>>>>>
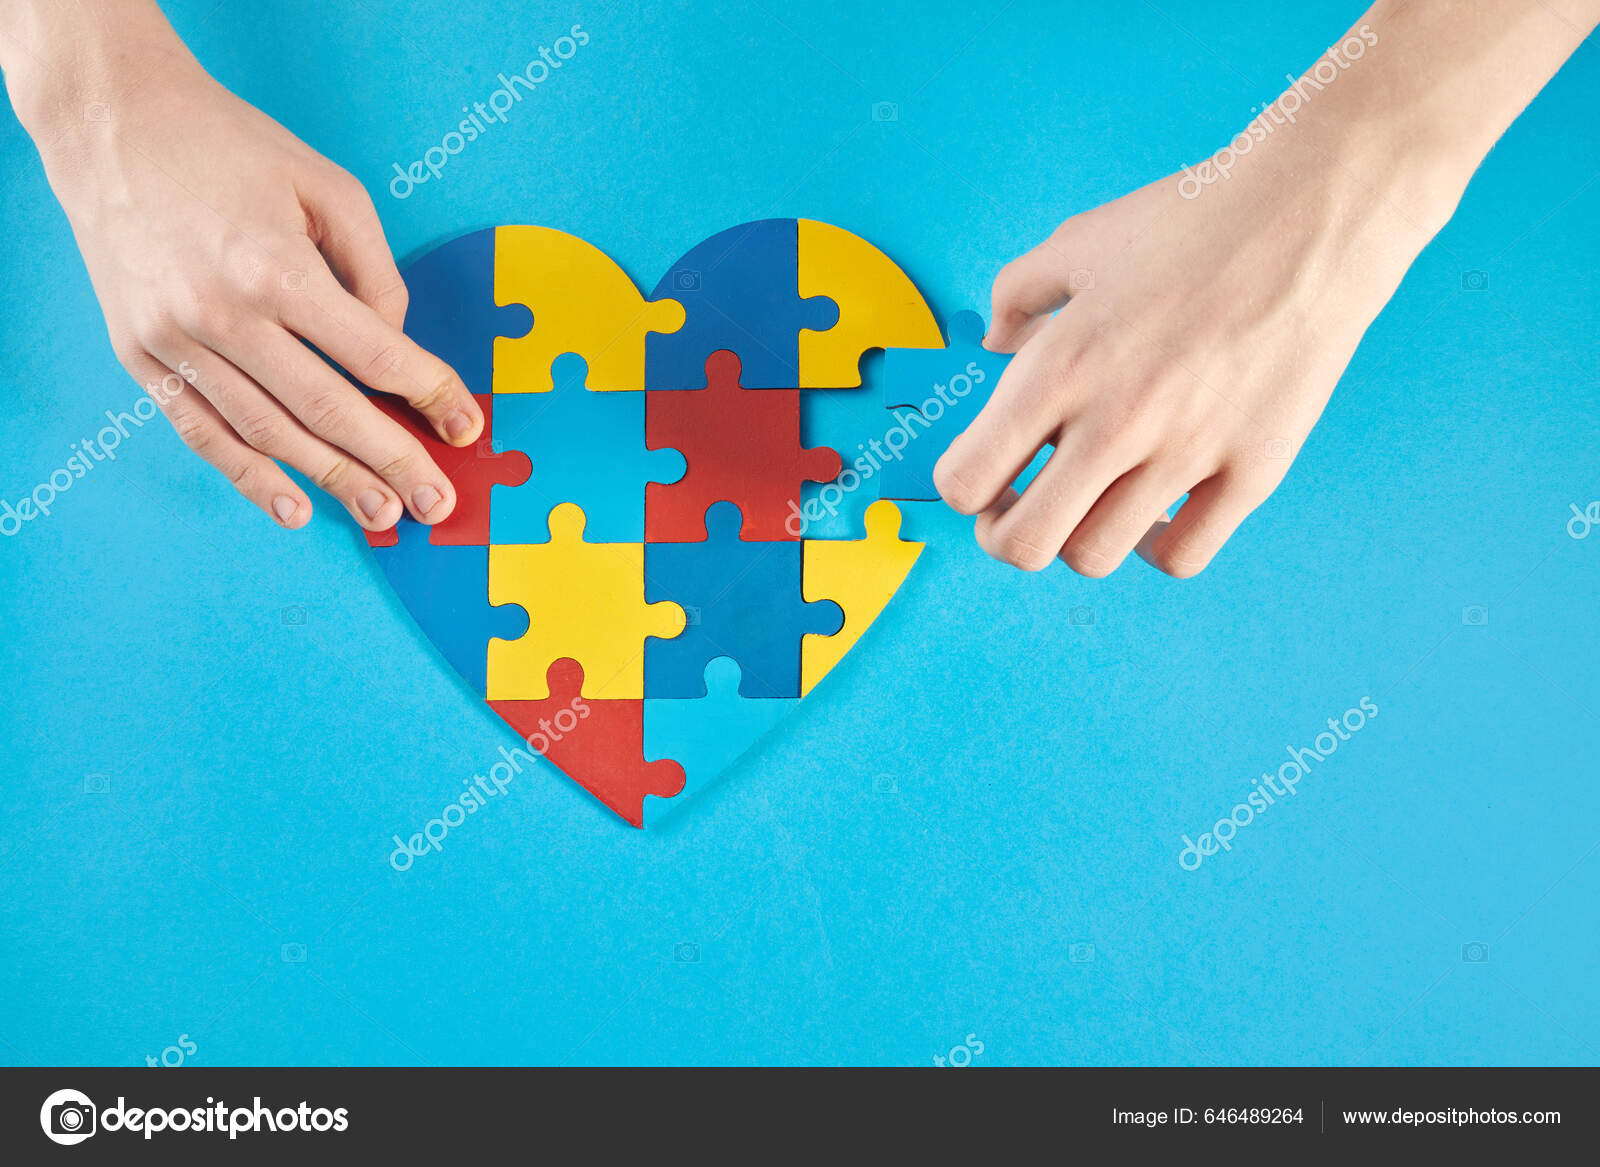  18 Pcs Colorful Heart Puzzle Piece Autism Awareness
<<<<<
>>>>>
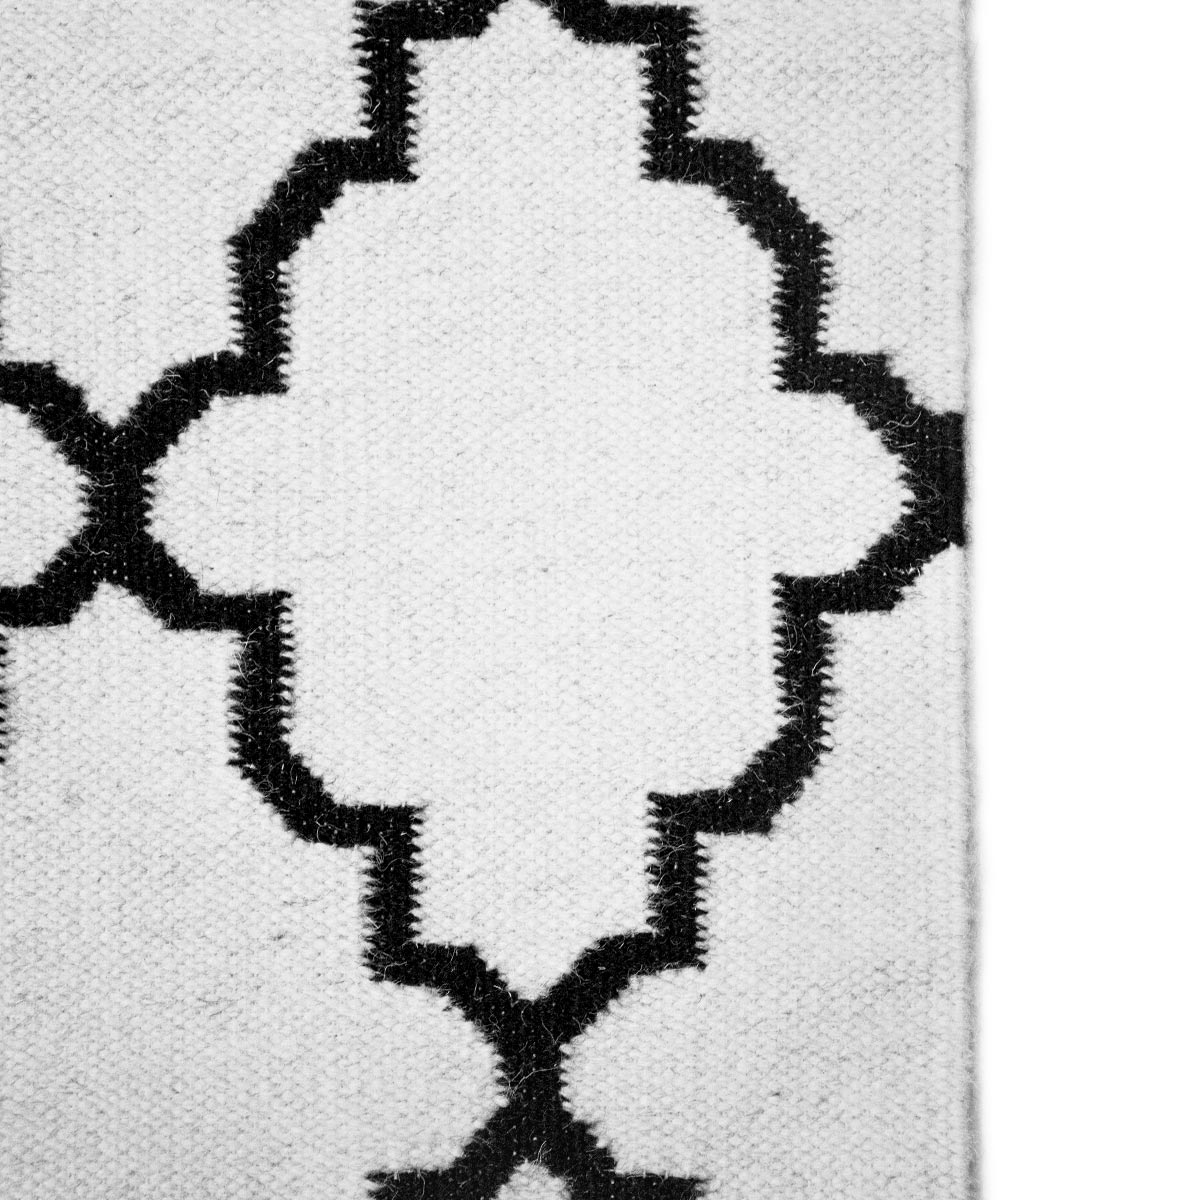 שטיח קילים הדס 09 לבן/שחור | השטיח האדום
<<<<<
>>>>>
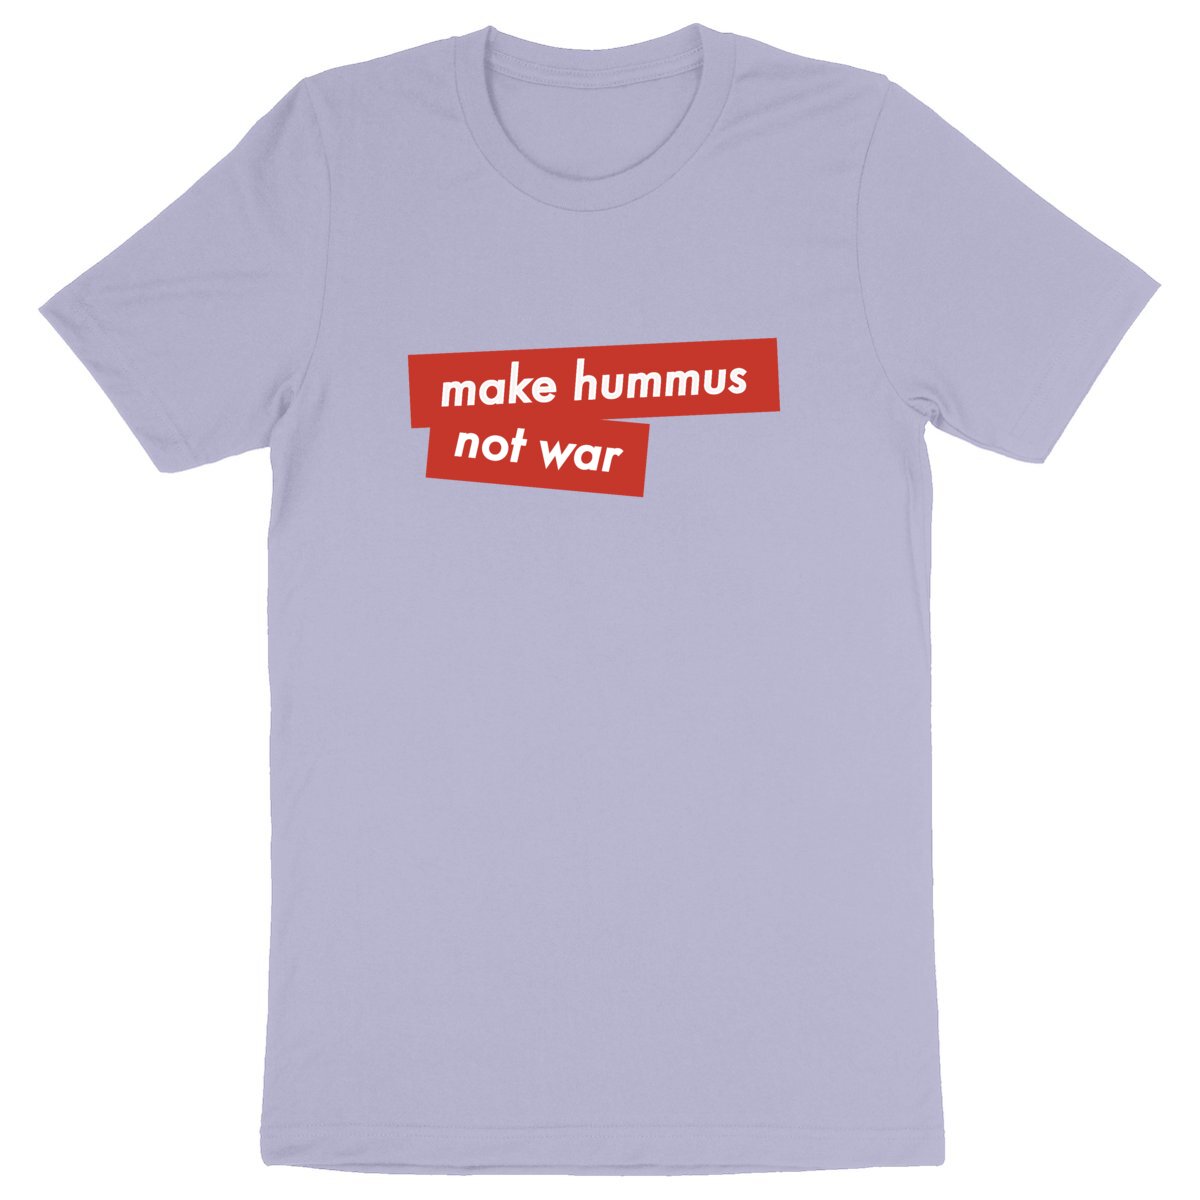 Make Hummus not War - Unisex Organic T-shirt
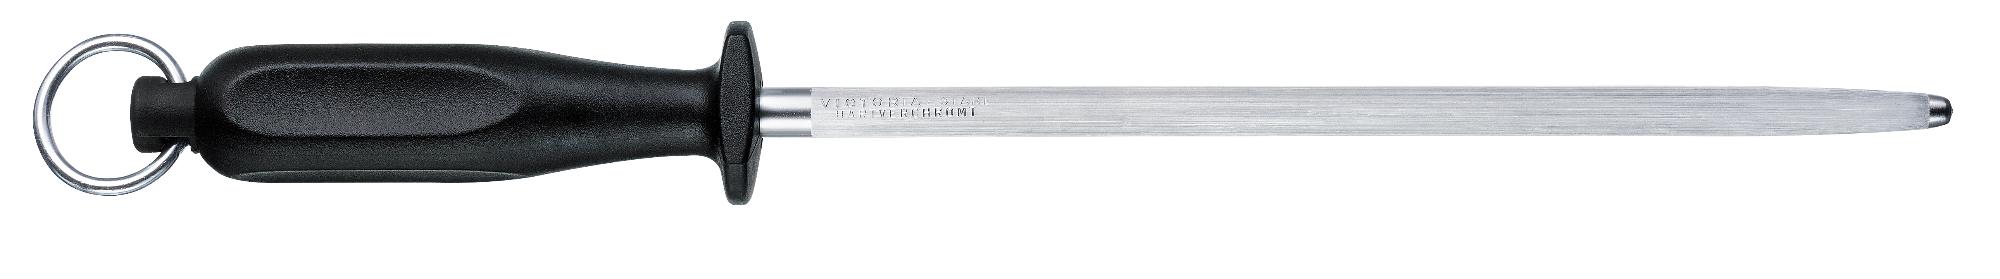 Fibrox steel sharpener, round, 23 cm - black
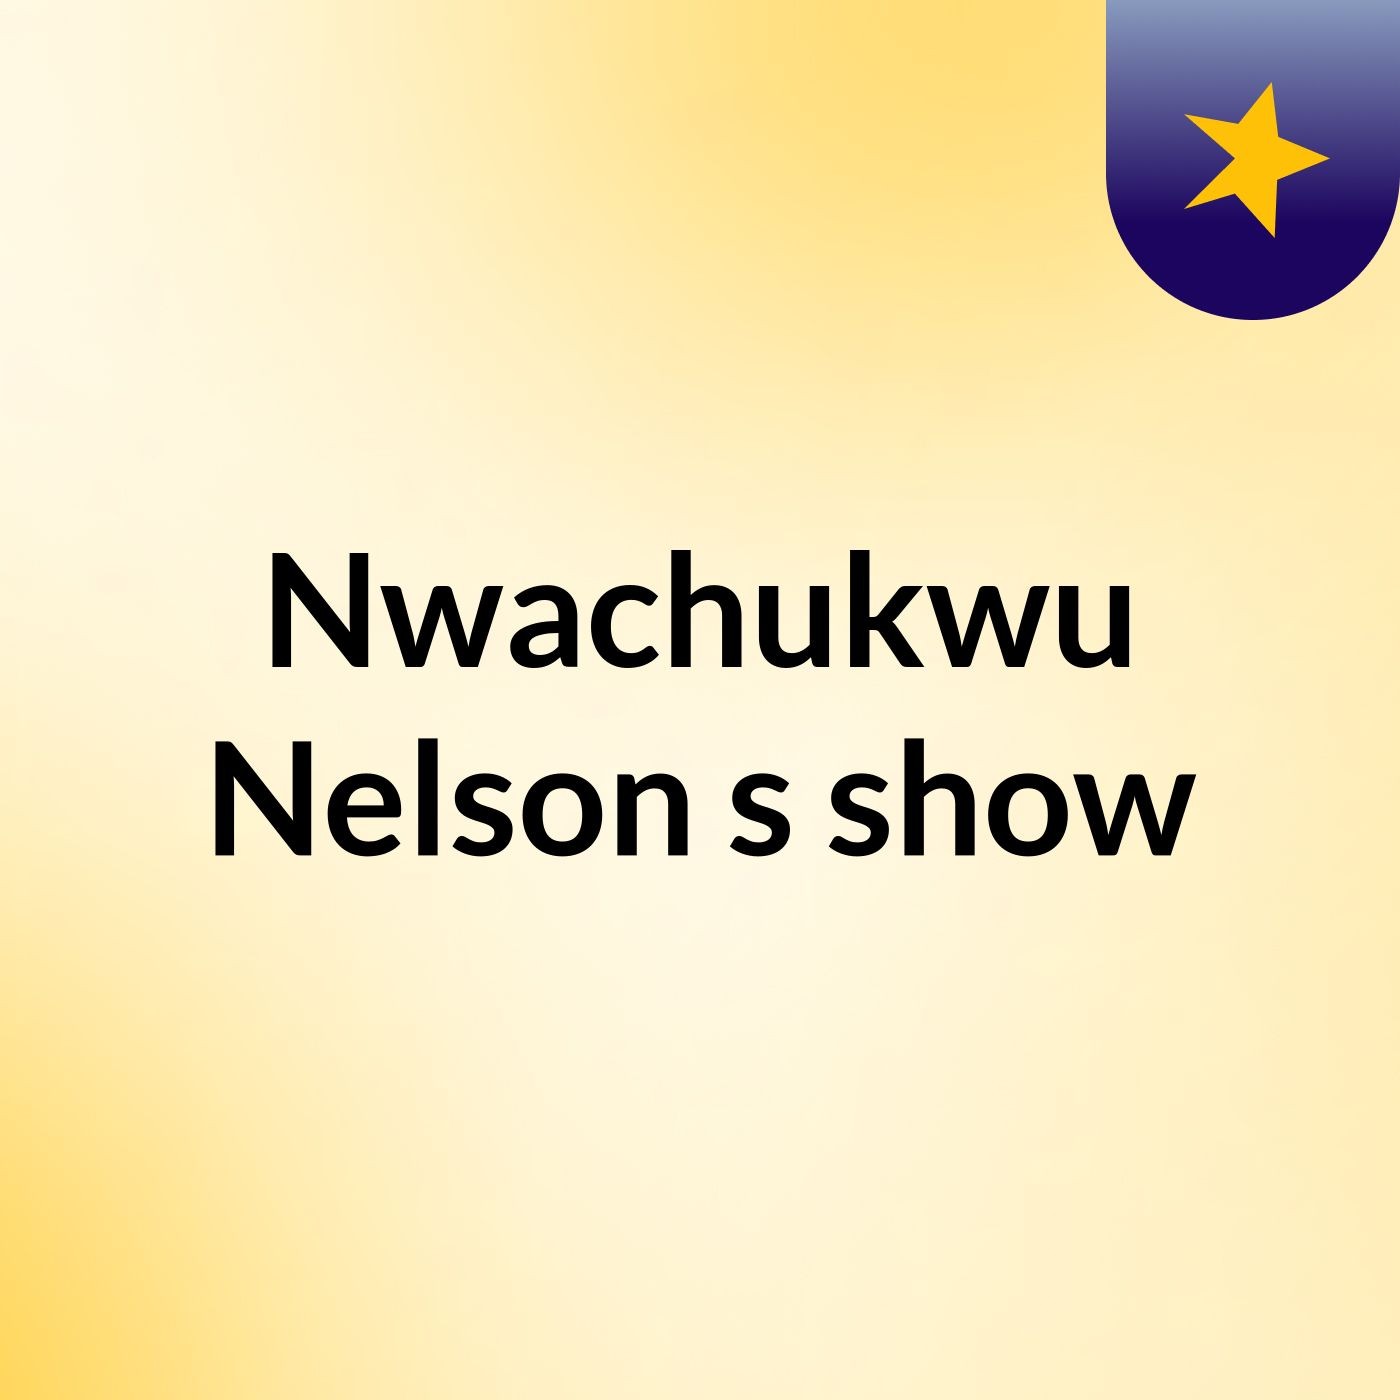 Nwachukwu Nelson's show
<<<<<
## [Exercise instructions]
Although pictures appear among the records above, write out exactly only the lines from the one that has "Fibrox steel sharpener, round, 23 cm - black" through the one that has "Nwachukwu Nelson's show", and leave the pictures out.

## [Exercise output]
 Fibrox steel sharpener, round, 23 cm - black
 Nwachukwu Nelson's show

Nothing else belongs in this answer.